Las justificaciones de este énfasis en la personalización de las intervenciones son variadas: por una parte, se asume que un enfoque individualizado es la única forma de dar respuesta a las necesida-des, deseos y expectativas particulares de cada usuario, y de adaptar los servicios y prestaciones que se le ofertan a su situación personal, huyendo de esquemas generalistas que anteponen las ne-cesidades organizativas a las necesidades de la persona usuaria. Por otra, se asume que este tipo de enfoques resulta más eficiente, que favorece una mayor motivación por parte de las personas atendidas y que permite un trabajo de acompañamiento social imprescindible para obtener unos resultados adecuados frente a las situaciones de exclusión social o laboral. Desde el punto de vista de la intervención socioeducativa y psicosocial, junto con la personalización y la autodeterminación, el acompañamiento social se erige como el tercer pilar de estos nuevos enfoques.

c) Revisar los criterios de condicionalidad desde la reducción de daños y la baja exigencia

A partir de la reivindicación de la autonomía y la autodeterminación de las personas usuarias, la cues-tión de la condicionalidad y de los niveles de exigencia se plantea como una cuestión central en la reorientación de los servicios para las personas en situación de exclusión social.
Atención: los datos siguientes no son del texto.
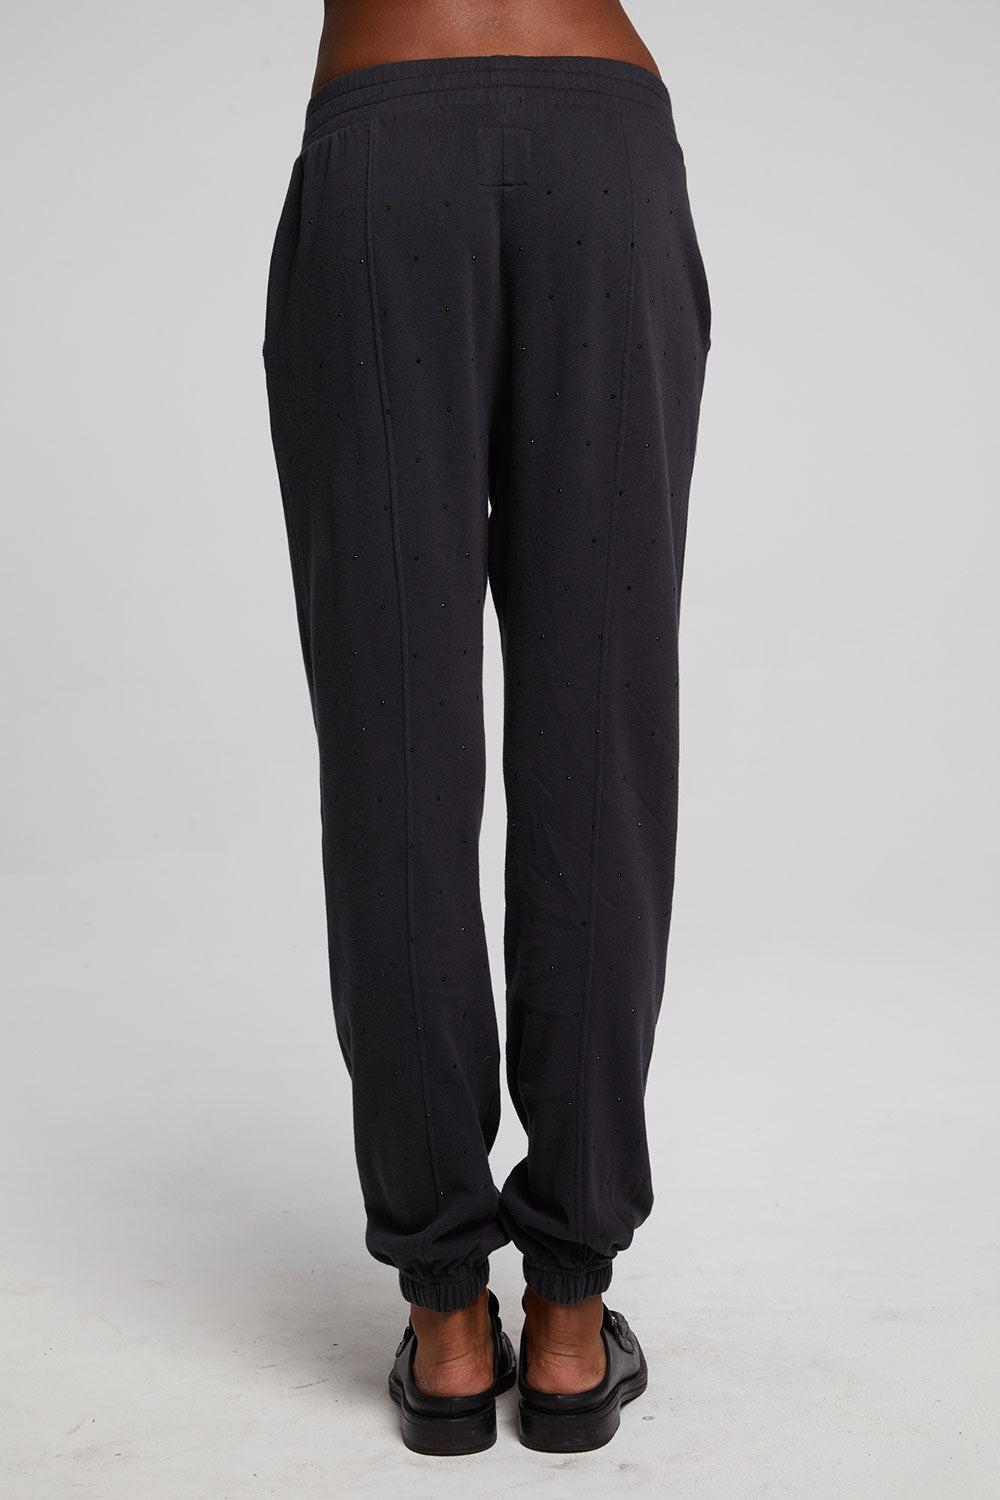 Essential Licorice Jogger WOMENS chaserbrand

Si bien esta cuestión se ha planteado de forma especialmente clara en el ámbito de las personas drogodependientes y/o las personas sin hogar, la reflexión sobre los niveles de condicionalidad se extiende al conjunto de los servicios sociales destinados a las personas en situación o riesgo de exclusión social.

En efecto, otra de las tendencias o cambios paradigmáticos que se ha producido en los últimos años en el ámbito de las políticas sociales –y, más concretamente, en el ámbito de la salud pública y la atención a las drogodependencias− es la extensión de los programas de reducción de riesgos y daños, y el consiguiente desarrollo de programas denominados de baja exigencia o de bajo umbral. Más allá de su aplicación específica en el ámbito de las adicciones, el concepto de la reducción de daños –que en algunos casos se ha entendido como trabajo social paliativo− tiene una aplicación directa en el ámbito de la atención a las personas en situación de exclusión social, en la medida en que: a) abre la posibilidad a trabajar con personas que tienen dificultades graves para adaptarse a programas de alta exigencia, garantizando que estas personas reciben una atención básica que evite un mayor deterioro de su situación personal desde el planteamiento de objetivos intermedios; y b) cuestiona el concepto de intervención escalonada o lineal, en virtud del cual los itinerarios de inclusión sólo pueden iniciarse en el momento en que la persona usuaria está preparada para un proceso de cambio, y están diseñados para avanzar de forma progresiva hacia el objetivo de la inclusión. Los modelos más prometedores en el ámbito de la atención a las personas sin hogar –como el modelo Housing First− se basan precisamente en la extensión de la filosofía de la reducción de daños, en el ajuste de los niveles de exigencia a la situación de cada persona y en la asunción de la idea de que los procesos de inclusión no son necesariamente lineales o escalonados.

La baja exigencia se contrapone, por otra parte, a los modelos de intervención social basados en el merecimiento y la contraprestación, desarrollados tanto en el ámbito de la garantía de ingresos como en el resto de los servicios para la inclusión. Desde ese punto de vista, el concepto de baja exigencia −según el cual tenemos derecho a recibir una atención sólo por el hecho de ser personas, independientemente (siempre que se respeten unos límites básicos) de nuestro comportamiento personal− se contrapone a la idea socialmente preponderante de que el acceso a la protección social debe siempre implicar algún tipo de contraprestación, o contribución previa, por parte de quien la recibe.